Jews generally have not valued excelling at physical activities, and Elie’s father, at 50, must have known that his own chances of survival through being useful in performing heavy physical labor were poor and, were it not for Elie, suicide (not unusual, especially among older prisoners) might be a very reasonable decision.  Perhaps the most poignant scene in the book is towards the end, when the prisoners at last were allowed to rest after marching for hours in the snow in the freezing cold, more than a few succumbed to the temptation to lie down, letting their bodies adapt to the cold and thus dying peacefully. At first, all that stopped Elie from doing the same was concern about leaving his father alone (p. 82), yet when at last he “had neither the will nor the strength to get up” (p.84), it was his father who forced him to continue until they found shelter.

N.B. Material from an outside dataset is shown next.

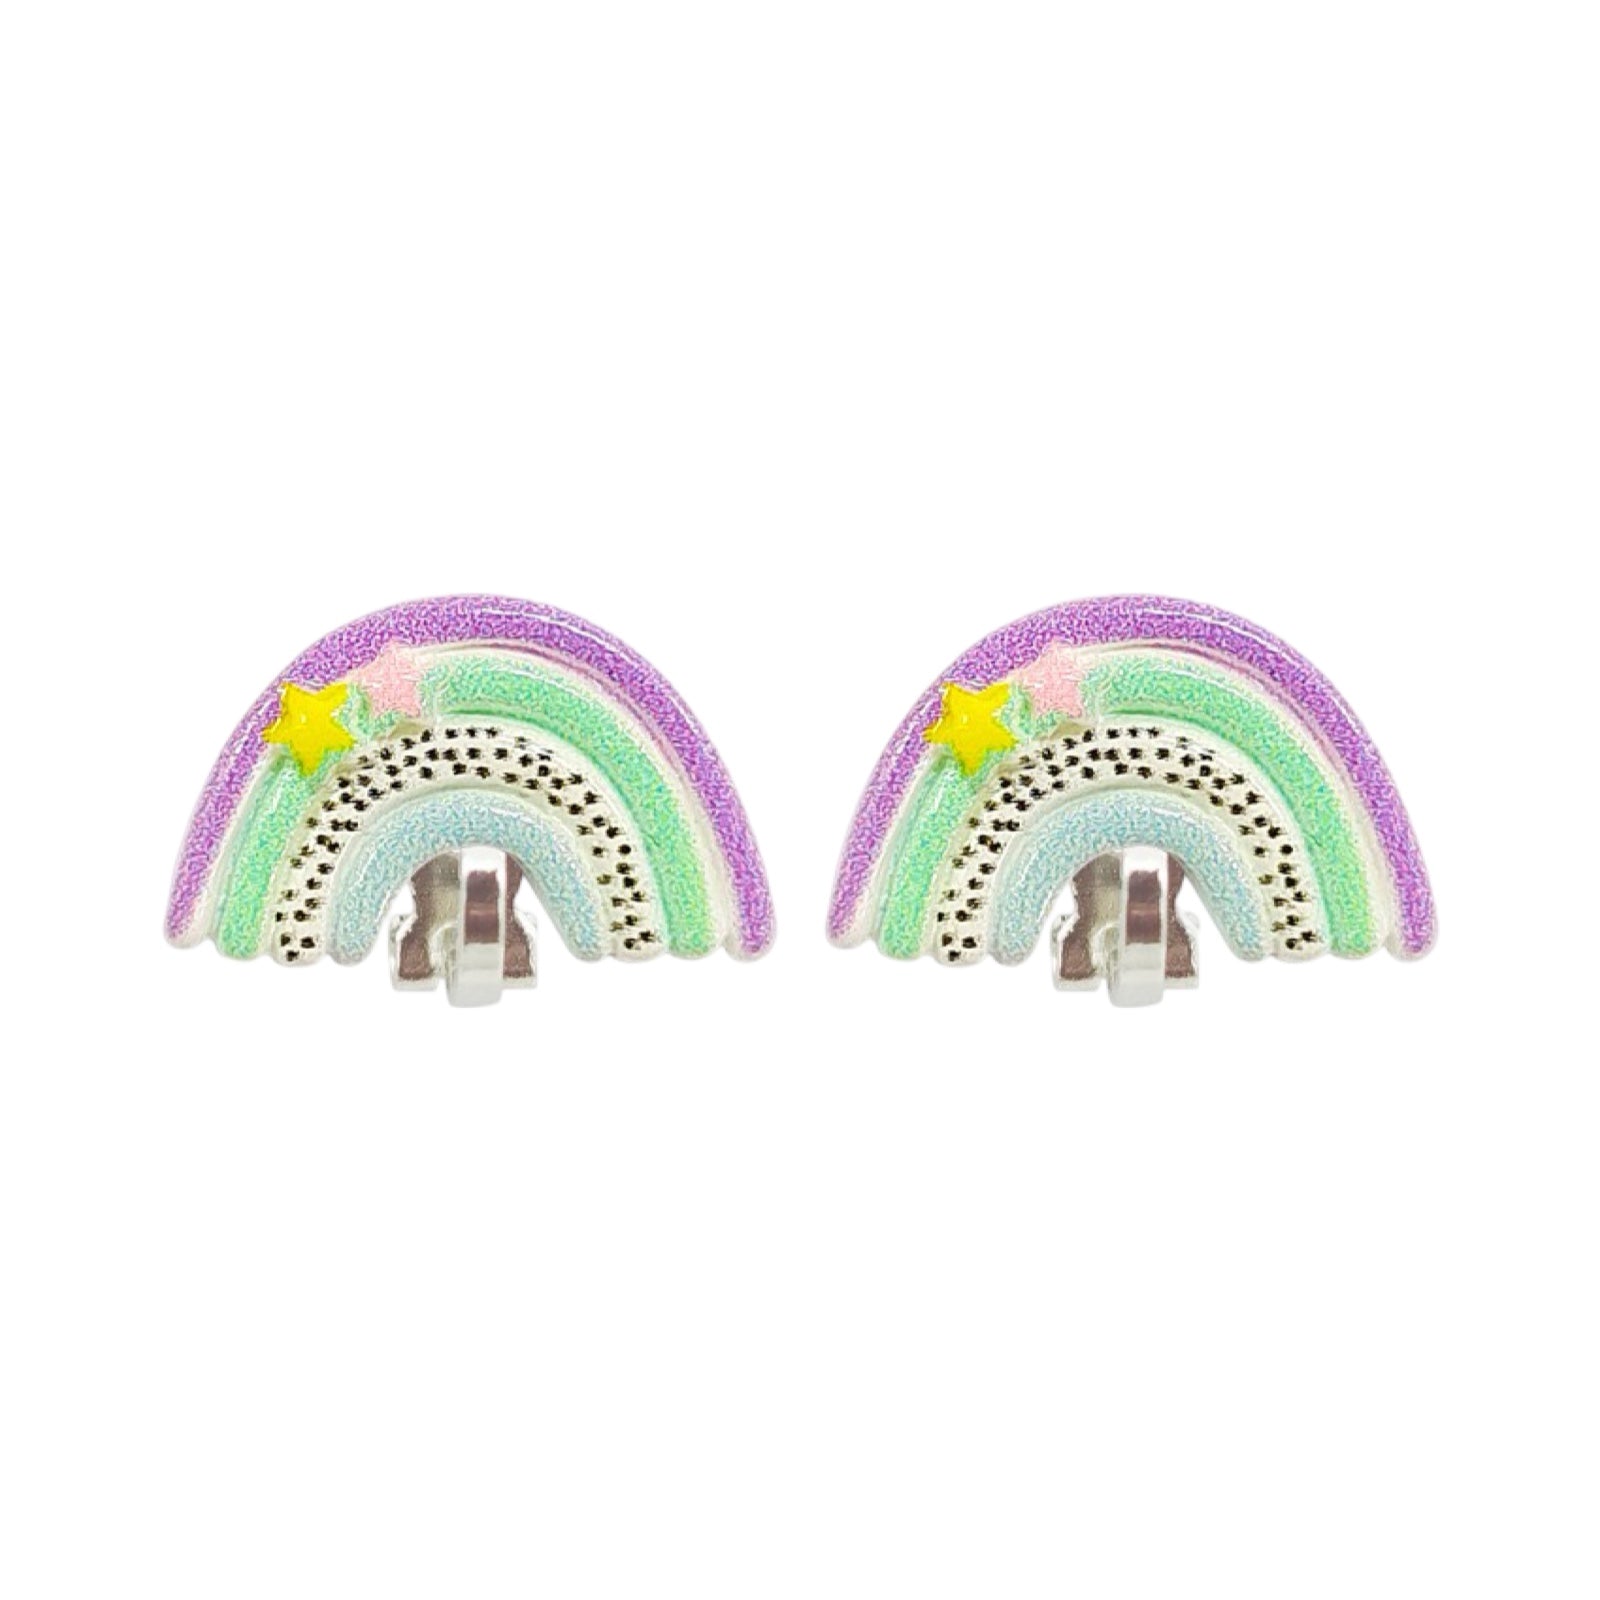 Clip earrings: Rainbow pastel

Elie and his father provided each other with support.  The only scenes even approaching humor in this relentlessly horrifying autobiography were when Elie tried to teach his father to walk in the military manner required to avoid catching the attention of the SS in charge and when Elie, after his father was called to the side of those “selected” for extermination, rushed to join him, causing so much commotion that several, including Elie’s father, were able to escape the “selection” side.  For both Elie and his father, feeling the other needed support, in effect, provided support in their own efforts to survive.  But Elie himself recognized that “something within me revolted against…death” (p. 85), a perfectly understandable reaction at the age of 15.  An indication of the importance of his father to his own survival was that after his father’s death, his “life…no longer mattered…nothing could touch me any more” (p. 107).

But were it not for Elie, would his father have any reason to hold on, probably suspecting the result would be dying slowly, painfully, and pathetically?  There are different kinds of heroes.  When Frankl (1975), an inmate at several different concentration camps when a young psychiatrist, wrote that “the best of us did not return” (p. 7),  he was referring to those who lost their lives while engaged in risky activities such as smuggling information to those in the Resistance outside of the camps.  There also are heroes in their personal lives, and how can one fail to consider heroic a person who creates in himself a loving, protective father when called upon to do so during a time of evil on a scale unprecedented in human history?

References

Frankl, V. E. (1975).  Man’s search for meaning.  New York:  Pocket Books.

Wiesel, E. (1958/1982).  Night.  (S. Rodway, Trans.).  New York: Bantam Books.